There would be no difference if your Healthcare was under private control because The health insurance industry decide right now what they will or will not cover in order to make a profit.
 

werepossum

Elite Member
Jul 10, 2006
29,873
463
126
There would be no difference if your Healthcare was under private control because The health insurance industry decide right now what they will or will not cover in order to make a profit.
That's somewhat true, except the government is there to smack them down if they do not live up to their contracts. But it's certainly true that health care, like anything of value that requires materials and/or labor, is inherently rationed in every economic system.
 

charrison

Lifer
Oct 13, 1999
17,033
1
81
Thanks for the clarification. I don't have a problem with high deductible, I just don't think it's going to solve the big problems with health care costs. Anything major will eat through the deductible almost immediately.

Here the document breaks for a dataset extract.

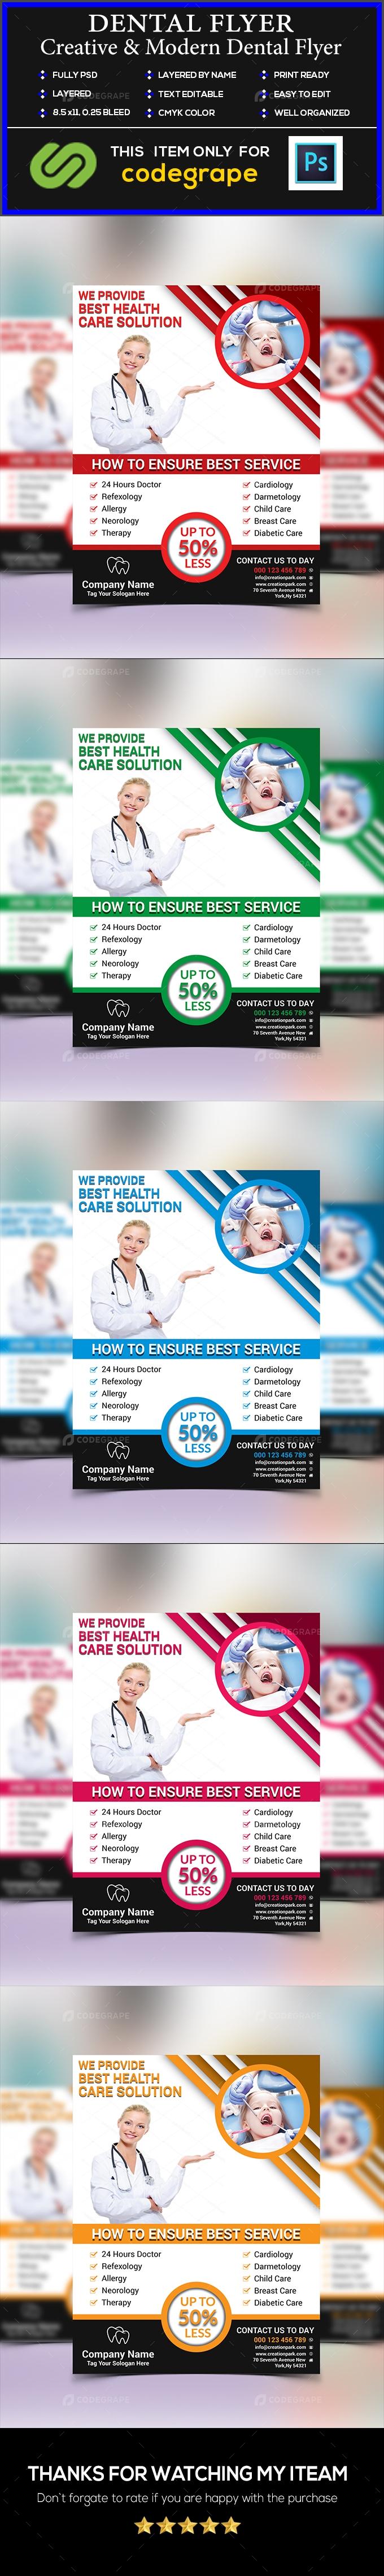 Corporate Dental Flyer

And once the deductible is covered, insurance usually pays for most or all after that.


Most healthcare transactions occurs when people are either very sick or scared of becoming very sick. Either physical or emotional duress. Most people don't go to the doctor for fun, they go out of pain or fear.

Are you serious? Yes people go to the doc when they are sick, but that does not mean they are on their death bed either. A trip to the doc for the common stuff should not need to have insurance involved at all.
 

Zebo

Elite Member
Jul 29, 2001
39,398
19
81
Just dont get sick. Stay in marathon running shape eat right and you'll have little problems, like one in 1000 freak shit like Lance Armstrong. IMO whole medical industry is full of quacks snake oil salesmen and fraudsters so it's best to stay away anyway, great insurances or not. That they are overpaid just wants me to do 100 pushups. And yes I still can.
 

Zorkorist

Diamond Member
Apr 17, 2007
6,861
3
76
The apathy in the health care industry is obvious.

People that don't care about you, or your family, can't help you.

It doesn't matter how much money is funnelled towards them, they don't care.

-John
 

quest55720

Golden Member
Nov 3, 2004
1,339
0
0
There would be no difference if your Healthcare was under private control because The health insurance industry decide right now what they will or will not cover in order to make a profit.

So you would trust the Tea Party with your families healthcare? I don't trust any of the fools in washington DC with my families healthcare. Any crappy CEO would be better than what we have right now in the federal government.